Kevin Henrikson, Acompli (now Outlook iOS/Android @ Microsoft)

The Competition

You should never overlook your competitors and the total addressable market size. It’s critical to understand how strong your competitors are—what they’re doing well, what they’re not doing well, how you can differentiate yourself and how big the market is. You should never assume that you’re going to be dramatically bigger than the current market leader.

Luke Skurman, Niche.com

Your Current Clients

The current users/customers of your product have already instilled their trust in your brand. Make sure to not alienate them during this change because they are the customers you have already worked to create. While you are expanding, be sure to not isolate your original business model.

Jayna Cooke, EVENTup

Potential Rebranding

When it comes to expanding your existing model to a new customer base, be open to the idea that you may need to rework your branding to best message your new audience. It can be a challenge as an organization to change your aesthetic identity or tone, but sometimes it is an important change to make in order to succeed in a new market.

As you go through the process of evaluating whether you need to adjust your existing brand, make sure to conduct interviews with your new target market customers so that you have a holistic understanding of their needs and preferences. This will help you make critical branding decisions as you expand successfully.

Doreen Bloch, Poshly

Redefining The Need

You have to spend more time and effort reaching a new customer base than you do reaching your current customer base. People often think that it’s a simple matter of changing their marketing to target a new group, but they often forget that the effort needed to reach their initial market was huge.

Think of the first marketing you did to get your business launched. It isn’t going to take as much effort as that because you probably have some brand recognition already. However, you’re still going to have to define the need for your product all over again.

Kumar Arora, Aroridex

Perspective From Other Fields

The typical approach to market research is simply looking at customer trends in your field and asking your existing customers about what they’d like to see next. Instead of pigeonholing yourself, try to gain perspective by reading about or getting exposed to other companies outside your field. Learn from their experiences in targeting new customer bases and innovate solutions from there.

Firas Kittaneh, Amerisleep

Thorough Market Analysis

You need to determine whether there is truly a need by conducting a thorough market study and gathering data. You should not make this determination based on a gut feeling.

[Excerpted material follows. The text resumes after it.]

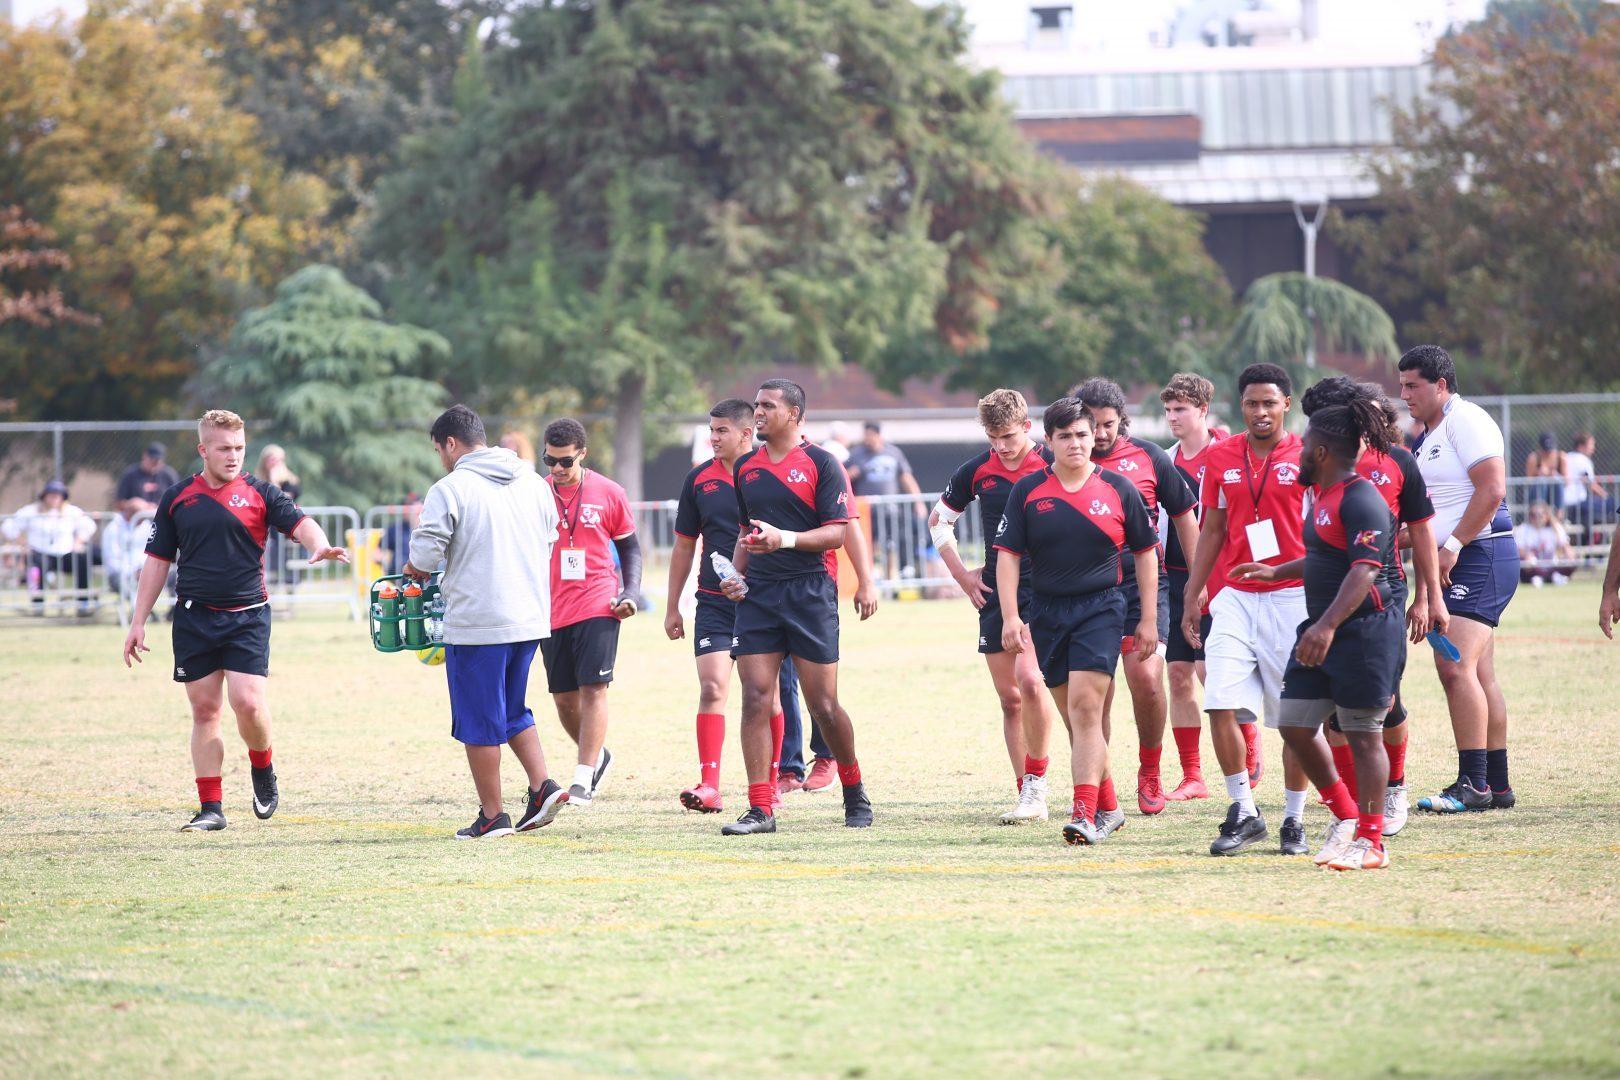 The+Fresno+State+mens+rugby+team+during+the+PWRC+Championship+final+at+the+Kinesiology+Field+at+Fresno+State+on+Saturday%2C+Nov.+03%2C+2018.+%28Jorge+Rodriguez%2FThe+Collegian%29

A market study can uncover specific challenges you might face, so you can anticipate those and shape your product and campaigns appropriately. A market study should identify competitors and explore why they are not fully meeting the needs of customers. You can use this information to come up with a plan to distinguish your business from the competition.

Jyot Singh, RTS Labs

Strategic Messaging

Make sure you are purposeful with your messaging about how this new product or vertical will weave in with your existing products. Whether you want it to be totally separate or integrated somehow with your existing product or service, there needs to be purpose around that messaging.

Expanding with a new product provides you with an opportunity to excite existing customers about your growth trajectory and ability to innovate. However, if not positioned properly, your approach could be perceived as scattered, or as if your other products aren’t working.

Zach Robbins, Leadnomics

Changes In Sales And Service

Don’t overlook the challenges associated with pivoting a sales force and customer service team. You’ve hired specific people and trained them to sell to and work with a certain customer base. If you’re changing the model, you should consider that, in addition to updating your sales pitch, product differentiators and pricing to resonate with a new segment, you also may need to make adjustments to your sales and service recruiting strategies and training processes.